Мы уже знаем, что Людовик IX позволил французским рыцарям сражаться в Ломбардии в войсках императора и что он отказался от германской короны, предложенной Папой его брату Роберту I Артуа. Но 3 мая 1241 года пизанцы, флот которых находился на службе у императора, разгромили генуэзские корабли с большим числом находившихся на них прелатов, направлявшихся на созванный Григорием IX Собор, и высший церковный клир очутился в плену у Фридриха II, а среди них и французы, причем высокого сана: архиепископы Оша, Бордо и Руана, епископы Агда, Каркассонна и Нима, аббаты Сито, Клерво, Клюни, Фекана и Ла-Мерси-Дьё. Узнав об этом, Людовик, который за несколько месяцев до того имел встречу с Фридрихом II в Вокулёре и питал надежду на его благосклонность, отправил аббата Корби и одного из рыцарей своего дома Жерве д’Эскренна ходатайствовать за французов перед императором. Но, как доносит Гийом из Нанжи, Фридрих II, который до этого просил короля Франции запретить прелатам принимать приглашение Папы и покидать пределы королевства, отправил пленников в неаполитанскую тюрьму и с вызовом ответил посланникам французского короля: «Да не удивит ваше королевское величество, что Кесарь доставляет неприятности тем, кто прибыл, чтобы доставить неприятности Кесарю». Ошеломленный Людовик отправил к Фридриху аббата Клюни, освобожденного вскоре после ареста, с таким посланием:
До сих пор наша вера и наша надежда были столь неколебимы, что долгое время между нашим королевством и вашей империей (следует выделить слова, выражающие одновременно их неравенство и фактическое равенство) не было повода для распри, спора или ненависти: ибо наши предшественники, владевшие нашим Французским королевством, всегда любили и почитали величество римского императора; и мы, пришедшие вслед за ними, твердо и неколебимо соблюдаем решения наших предков; но вы, как нам кажется, губите дружеский союз мира и согласия. Вы держите в плену наших прелатов, которые направлялись на (папский) Собор в Рим по зову веры и из послушания, ибо не могли ослушаться повеления Папы, а вы захватили их на море, и это до боли огорчает нас. Будьте уверены, что из их посланий нам известно, что они не замышляли против вас ничего дурного. Посему, раз уж они не причиняют вам никакого вреда, вашему величеству надлежит отпустить их на свободу. Поразмыслите над этим и вынесите верное суждение из того, что мы вам сообщили, и не удерживайте прелатов силой и вашей императорской волей; ибо Французское королевство еще не настолько слабо, чтобы плясать под вашу дудку[235].

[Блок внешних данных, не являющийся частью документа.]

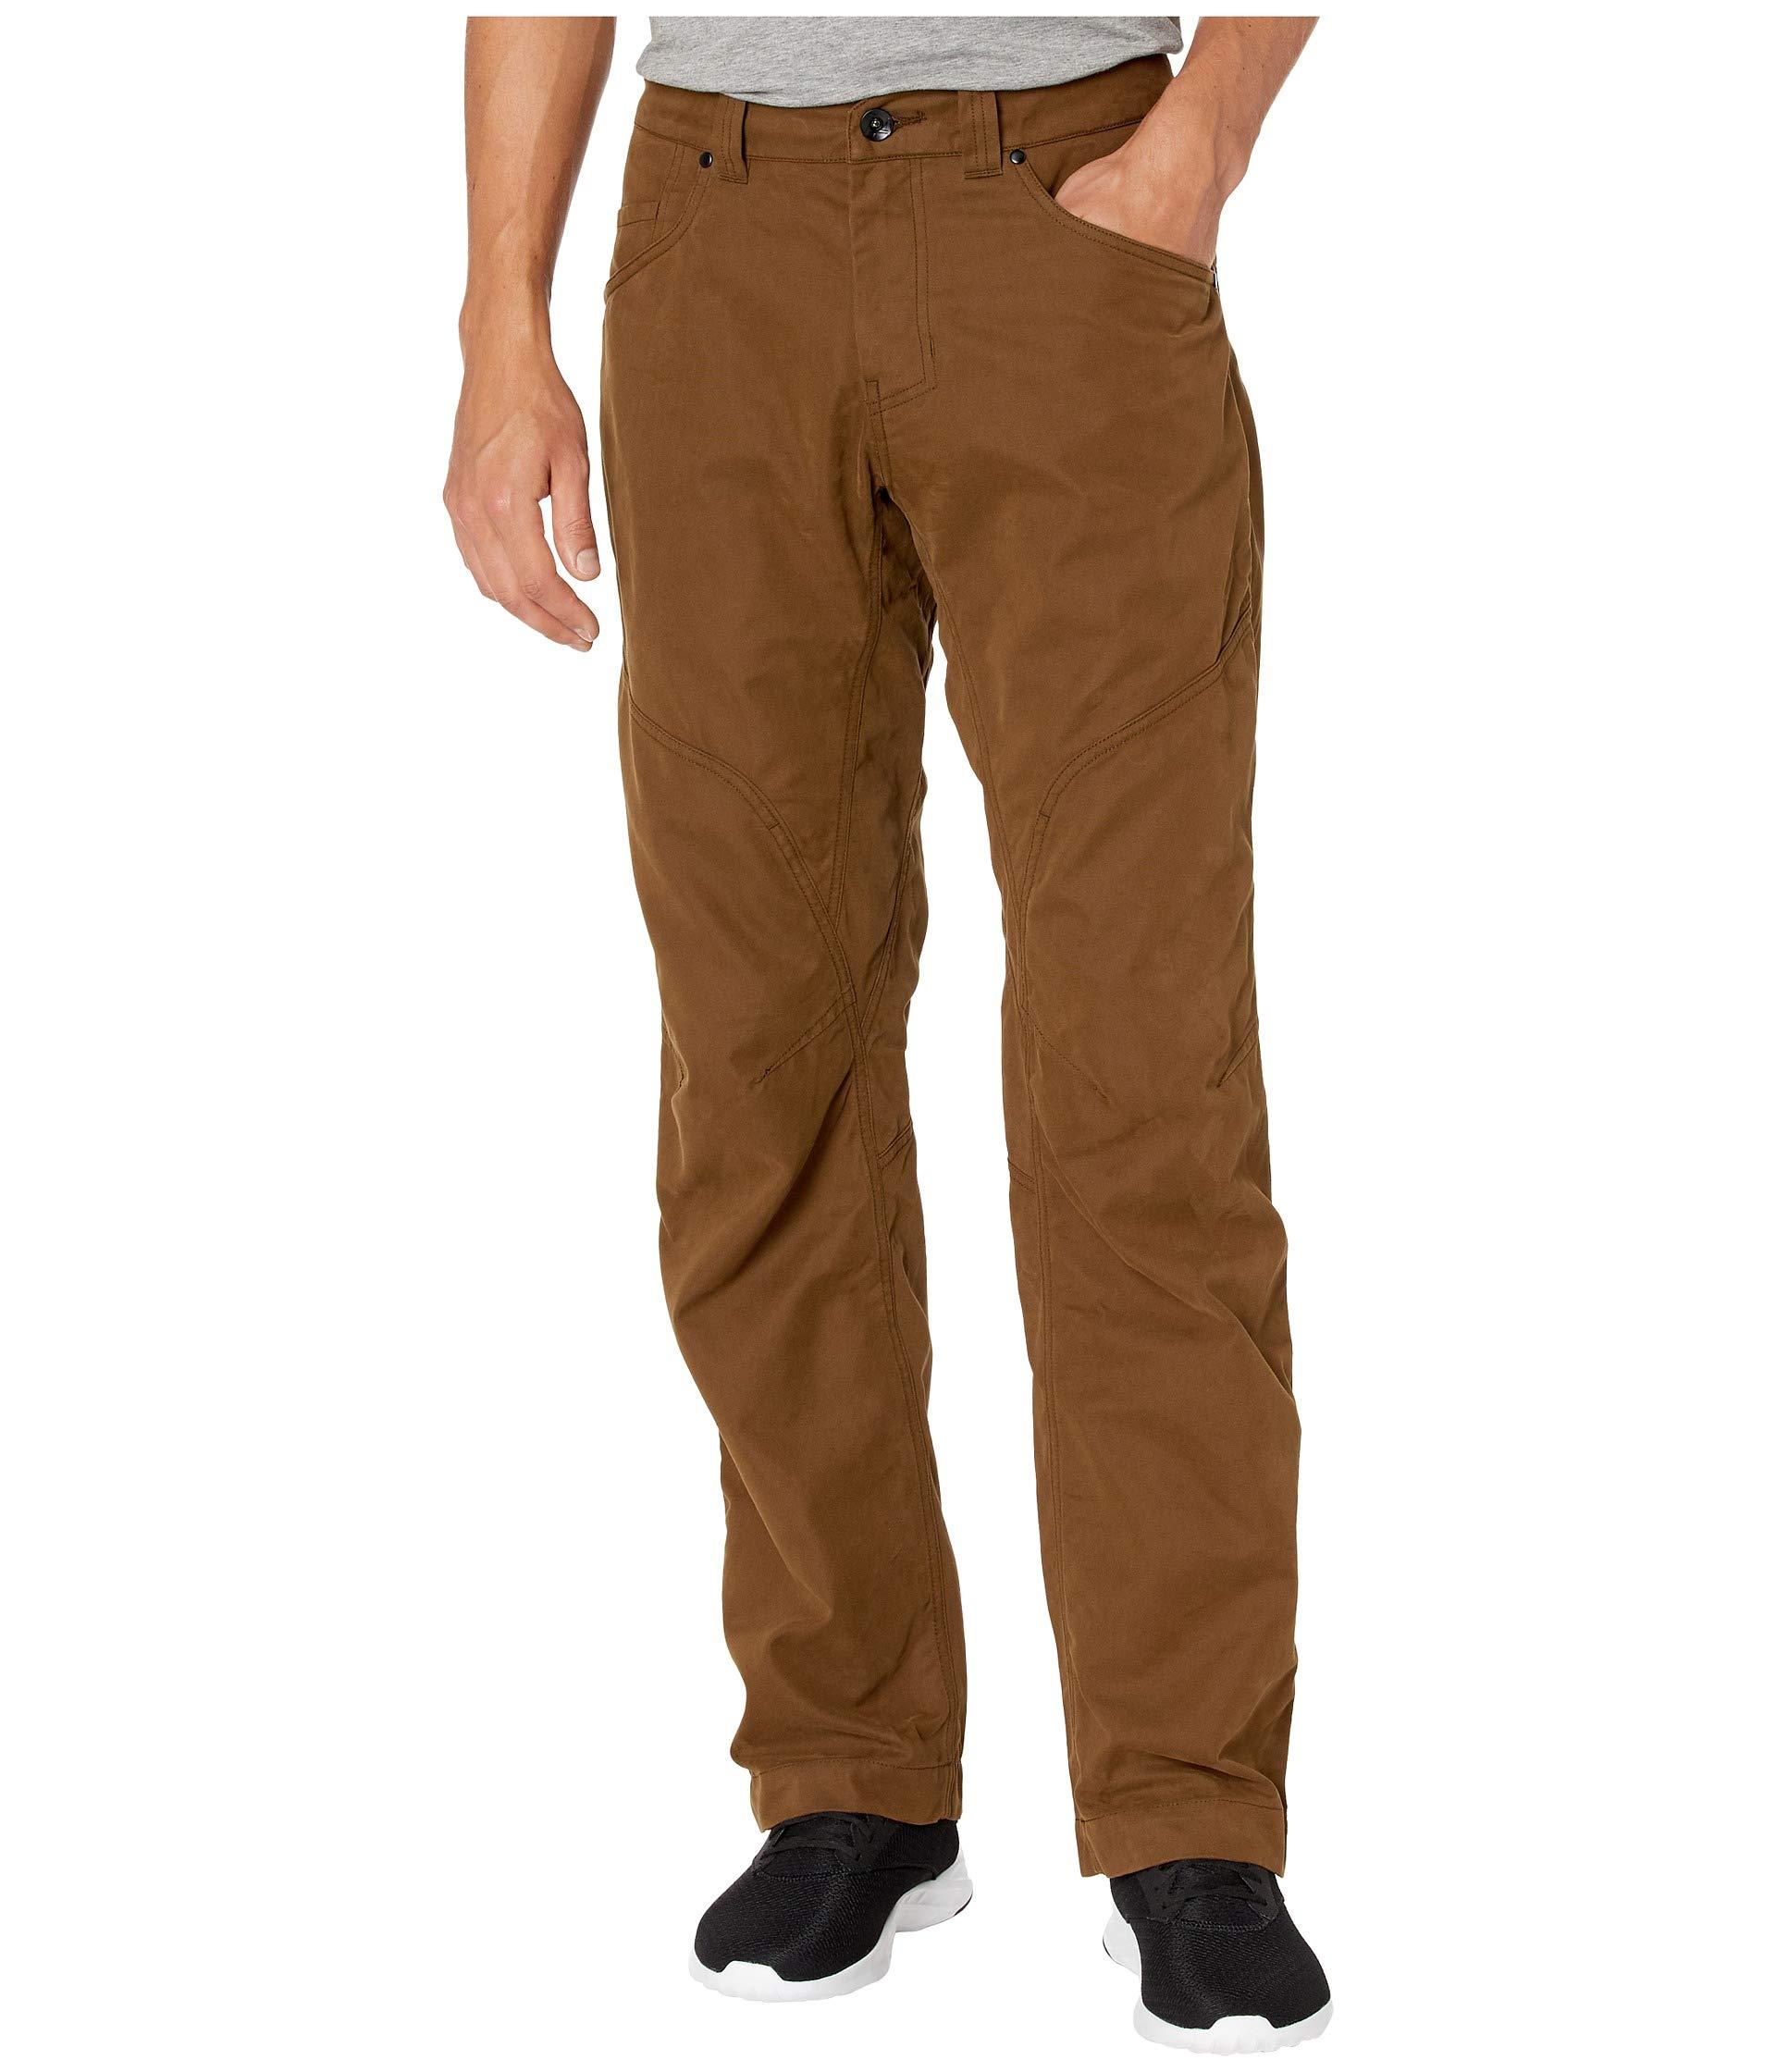 Arc'teryx Canvas Cronin Pants in Brown for Men - Lyst

Это гордое заявление смутило Фридриха II, ибо хронист говорит: «Вняв словам посланий короля Людовика, император скрепя сердце и против воли отпустил прелатов его королевства, ибо побоялся прогневать его»[236].
Тем временем Людовик продолжал наводить порядок в своем королевстве. Для сохранения мира между христианскими государями он считал необходимым, чтобы ни один сеньор не мог быть одновременно вассалом двух королей, правящих в разных королевствах. В 1244 году он повелел сеньорам (особенно много их было в Нормандии) — своим вассалам и одновременно вассалам английского короля в землях за Ла-Маншем — выбрать одного из них. В ответ на это Генрих III лишил всех французских сеньоров их земель в Англии. Таким образом, Людовик Святой продемонстрировал, какой, по его мнению, должна быть феодальная монархия: государство, в котором вассалитет и принадлежность к королевству тесно взаимосвязаны, где сеньоры — вассалы и в то же время подданные короля.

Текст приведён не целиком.